TORONTO— Over the course of a 162-game season, it’s easy for each individual game to feel more like a daily ritual than an entertainment event.
That’s especially true when the home team isn’t in contention or the ballpark is less than half full - or both. It’s easy for a baseball season to become a mundane march of indistinct days. For those who love the game that can provide a kind of comfort. For baseball agnostics and atheists, it can be awfully monotonous.
The feel at Rogers Centre the last couple of years has been like that - each game another episode in a long-running, but mediocre reality TV show.
New life and new light has arrived for the Toronto Blue Jays, starting with Vladimir Guerrero Jr.’s debut on Friday. A grim period in the franchise’s history is not over yet, but a new chapter has undoubtedly begun.
“As he walked into the clubhouse yesterday, and seeing him here just put a massive smile on my face,” GM Ross Atkins said. “I think that’s what it means for so many.”
Make no mistake, this is a monumental moment. Atkins summarizing the bare bones of the Vladdy Jr. tale, even outside of his insane talents, puts the scale of it in perspective.
“We have a Canadian-born Dominican baseball player son of a Hall of Famer that is coming into Canada to play for this great city and country. It’s such a good baseball story.”
Vladdy did not shy away from the story in the slightest, wearing his father’s Expos jersey to the ballpark.
“It was more to honour my dad,” he said through an interpreter. “Since I was a kid I was running around in the clubhouse in Montreal and I wanted to bring that back today.”
Vladimir Guerrero Sr. - especially if his Twitter account is to be believed - will be watching carefully. The Hall of Famer’s advice for his son was not dissimilar to what any loving father might say.
“He’s very proud of me,” Vladdy Jr. said. “He just told me to go out there and do my best and things are going to be fine.”
That “good baseball story” filled the Blue Jays’ media room to the point that its climate was rainforest-like - a distinct change for a room that’s often actively cold and populated by just a handful of reporters.
Atkins was asked if he’d ever seen anything like Friday and he was so sure of the answer he uncharacteristically interrupted the question before its conclusion.
“No.
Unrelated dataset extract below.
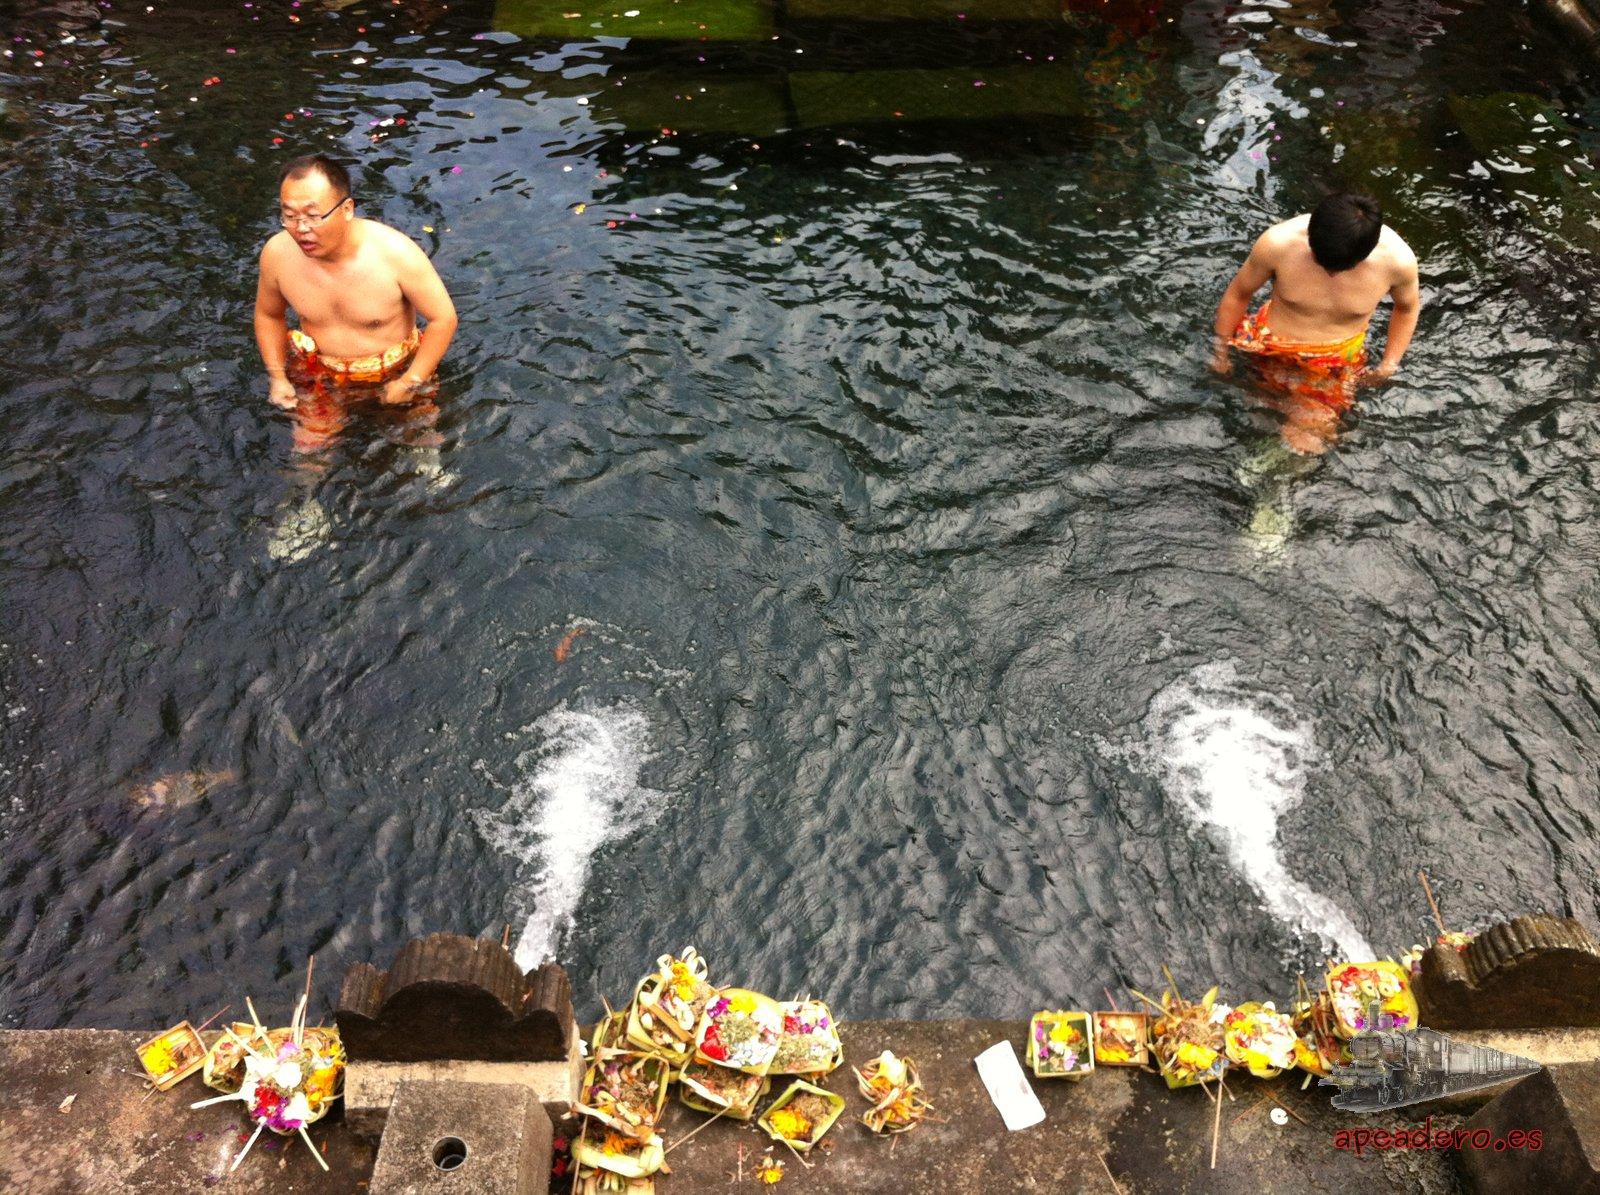 En algunos templos como en Tirta Empul sí vale la pena entrar, en muchos otros con mirar desde fuera es suficiente. En este puedes bañarte en las fuentes sagradas si quieres.

I never have. I was fortunate enough to be at Stephen Strasburg’s debut, which was somewhat similar. But this is like nothing I’ve ever seen. CC Sabathia was a great player - and still is - Francisco Lindor is a great player. I was there for his debut, I’ve seen a lot of great players transition, but I’ve never seen anything quite like this.”
That’s the dialogue of the moment before he takes his first batting practice, let alone his first at-bat. In most cases that kind of hype would be a step too far. Almost no one could live up to the expectations that Friday’s circus indicated.
If someone can, this is the guy. He’s already projected to be one of the best hitters in baseball despite the fact he just turned 20, hasn’t stepped into a major league batter’s box, and has played just 38 games at Triple-A.
There are so many reasons to be excited about this debut. It’s clear Atkins and the Blue Jays are, as anyone with even the faintest interest in this franchise should be.
Of course, for Guerrero Jr., it’s just baseball and he’s treating it as such.
“I’m just going play hard and give my 100 percent for the team to help the team win, and whatever happens, happens.”
Whatever does happen on Friday night, this will be one to remember. The Blue Jays have been around for 43 years and they’ve never had a debut like this. They may not have another.